§ **What is expected**
Exactly the lines below, starting with the one containing "Skate Throw Pillow" and going on through the one containing "Many public pools", must be reproduced, both ends included, and no pictures with them.

§ **Data provided**

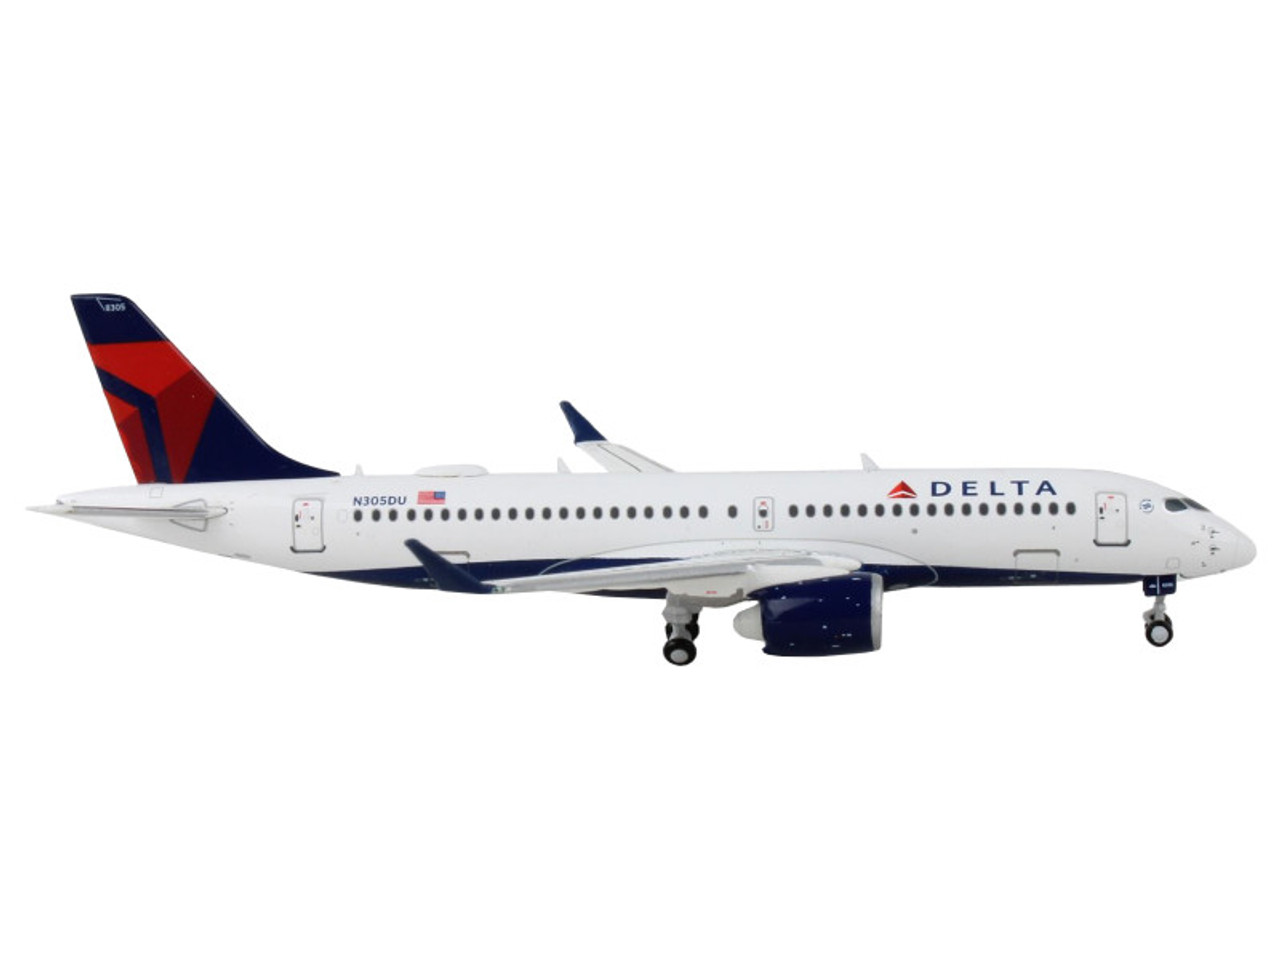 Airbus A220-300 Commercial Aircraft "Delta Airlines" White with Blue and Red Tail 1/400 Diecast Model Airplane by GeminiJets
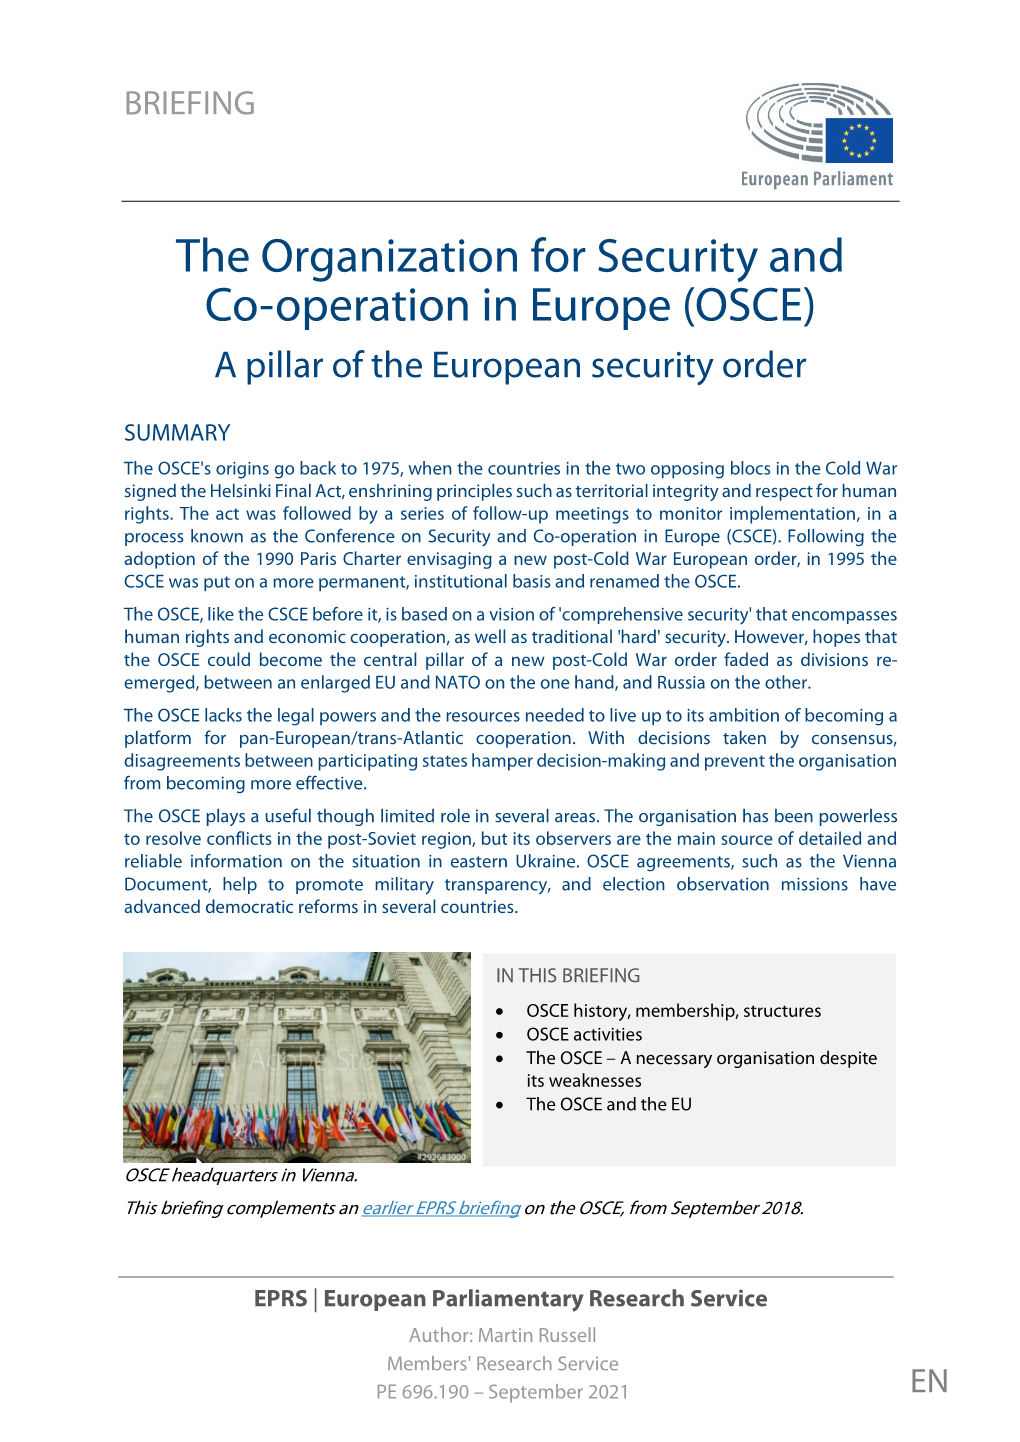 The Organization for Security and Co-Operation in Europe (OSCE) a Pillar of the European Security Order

...

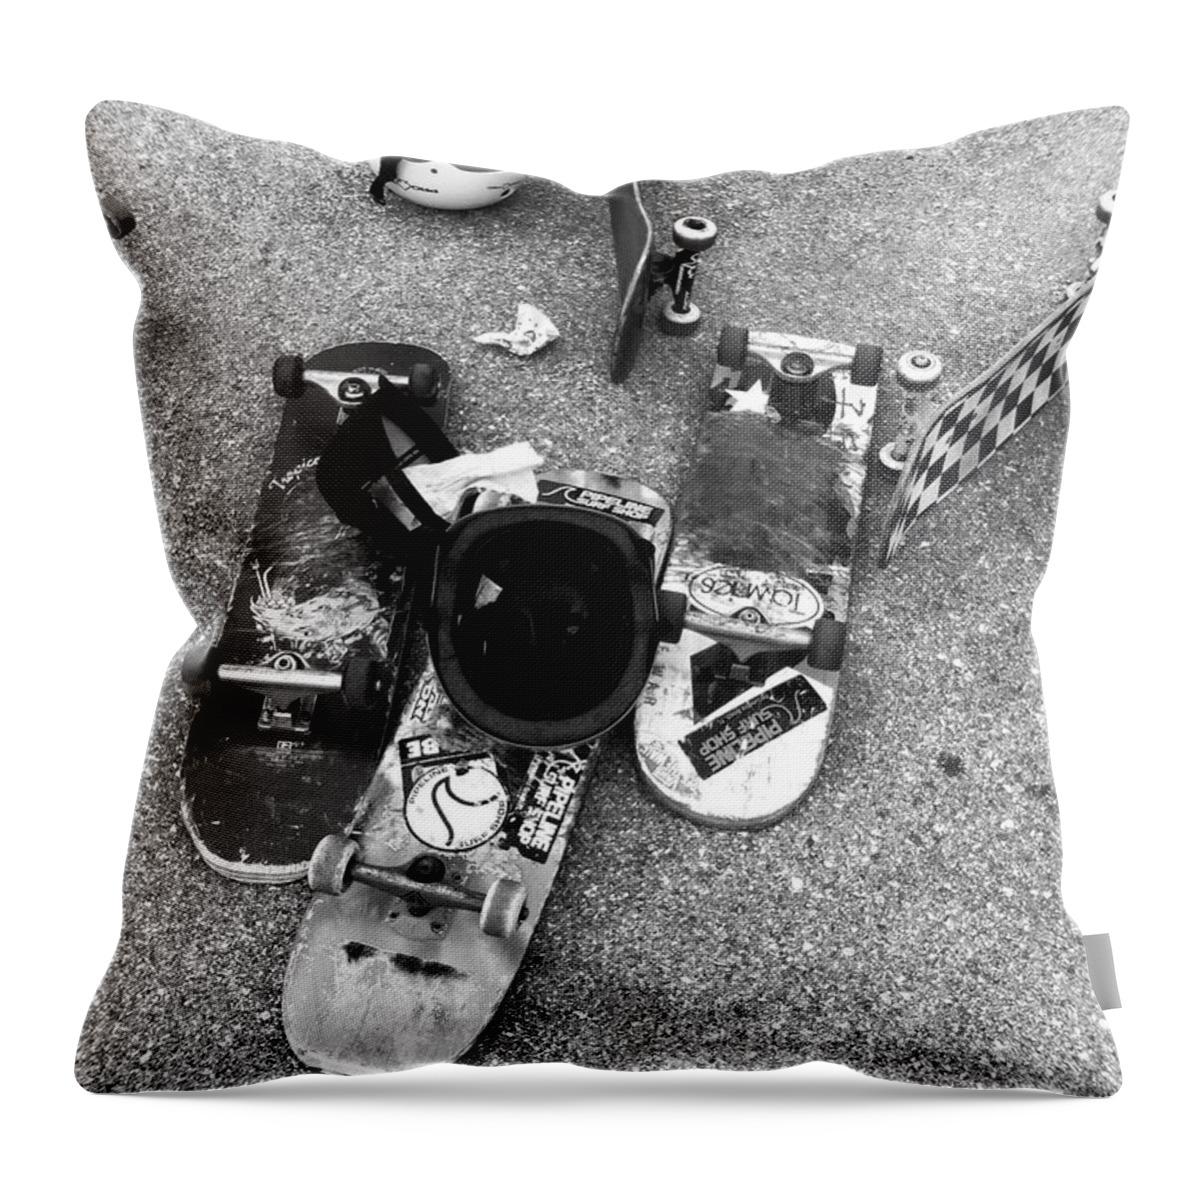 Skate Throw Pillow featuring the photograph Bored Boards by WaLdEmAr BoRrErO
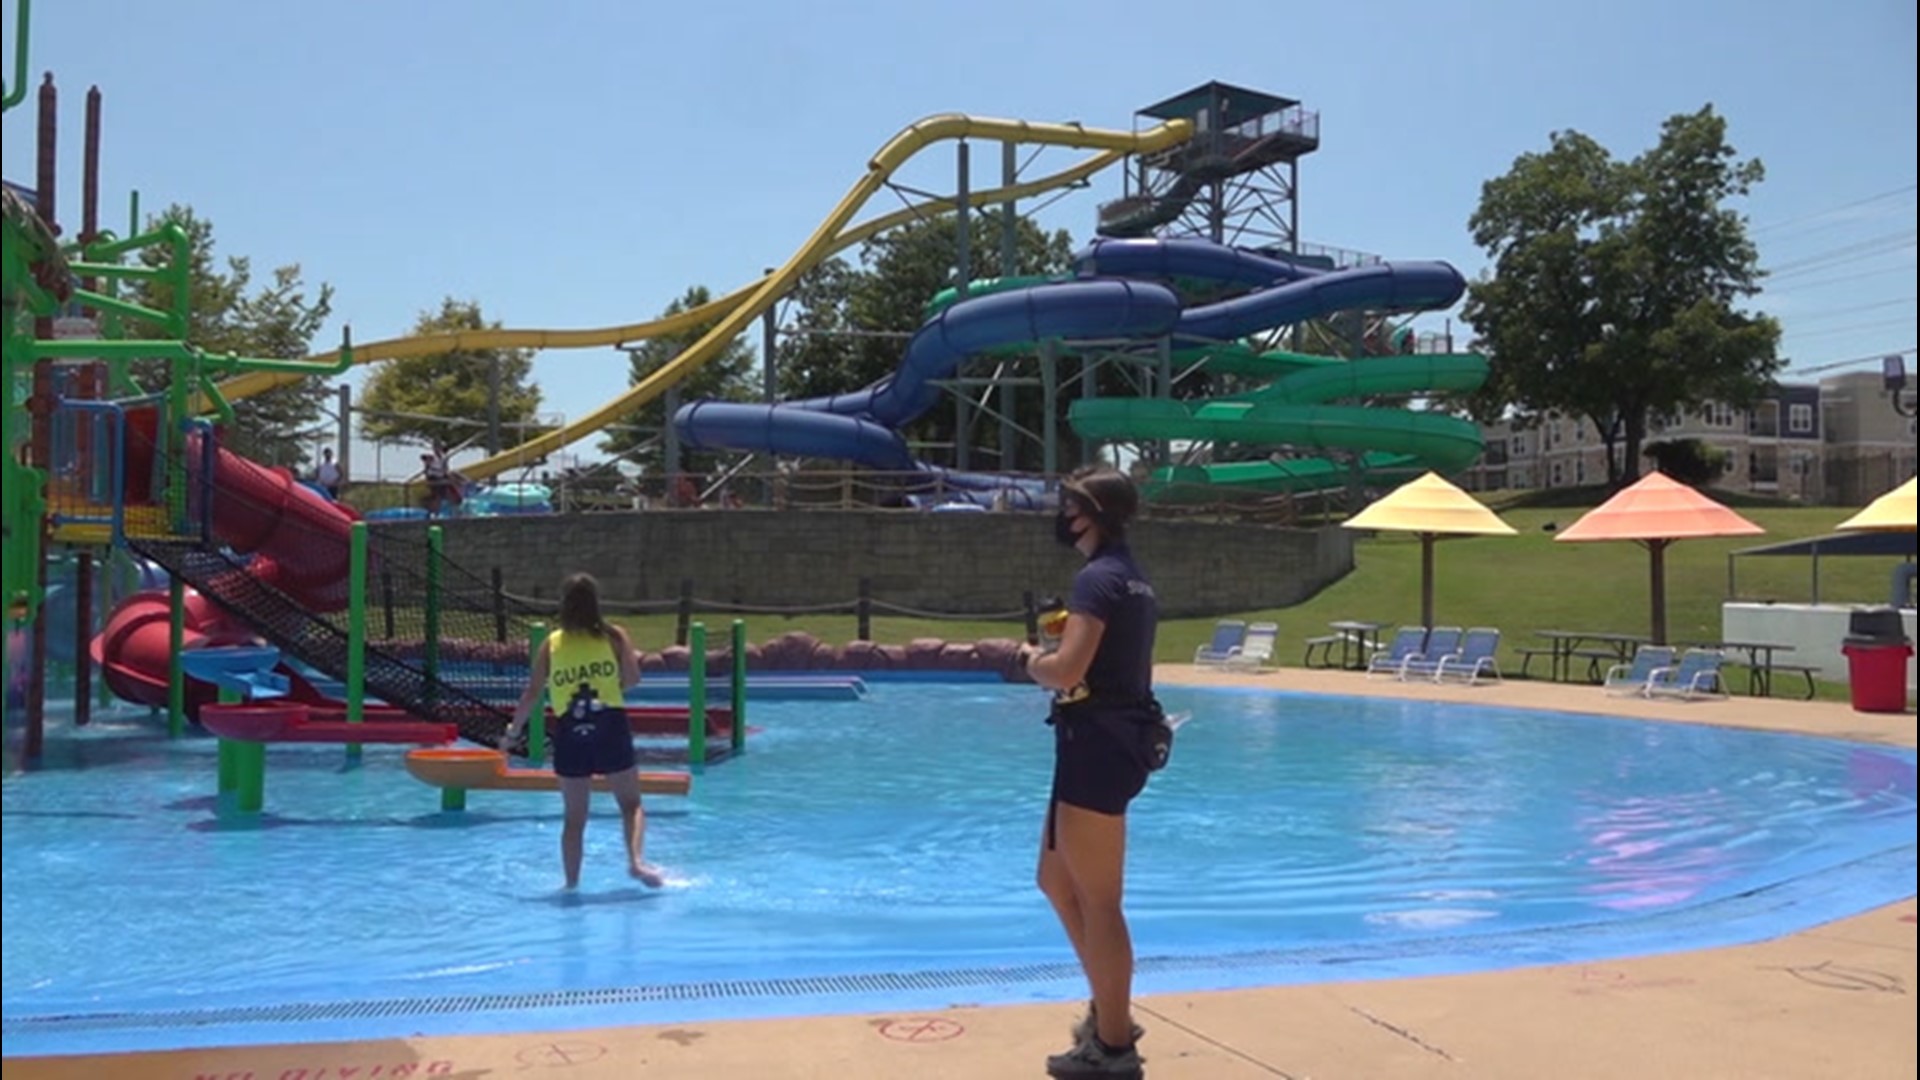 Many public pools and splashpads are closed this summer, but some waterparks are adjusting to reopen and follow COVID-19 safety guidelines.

...

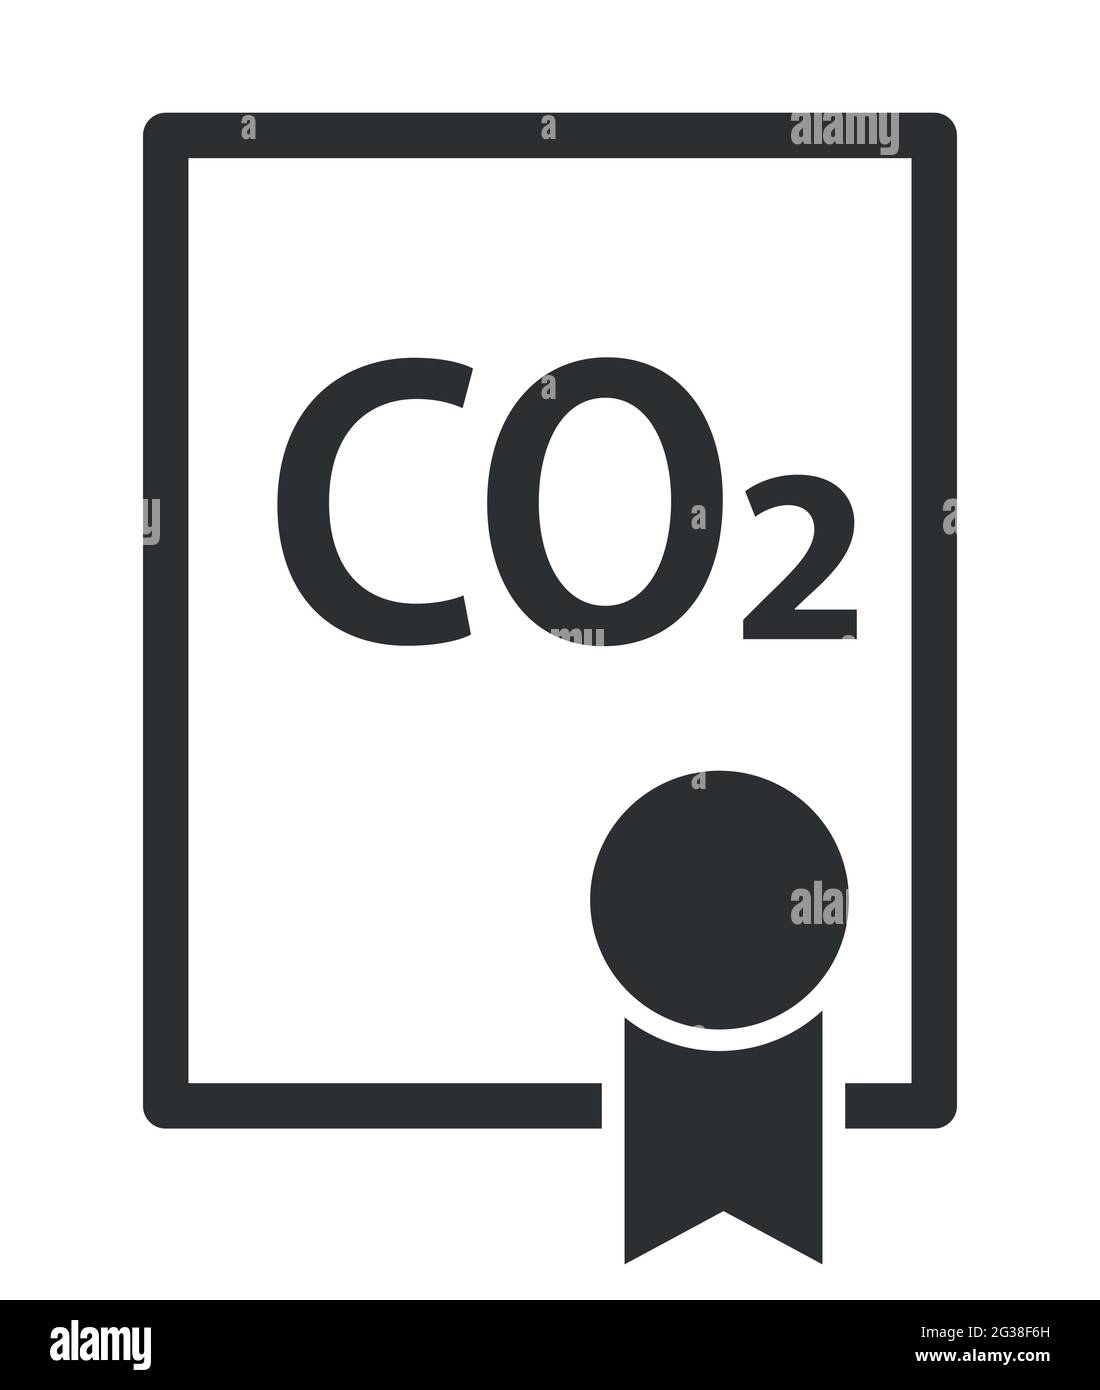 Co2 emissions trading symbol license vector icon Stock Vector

§ **Expected output**
 Skate Throw Pillow featuring the photograph Bored Boards by WaLdEmAr BoRrErO
 Many public pools and splashpads are closed this summer, but some waterparks are adjusting to reopen and follow COVID-19 safety guidelines.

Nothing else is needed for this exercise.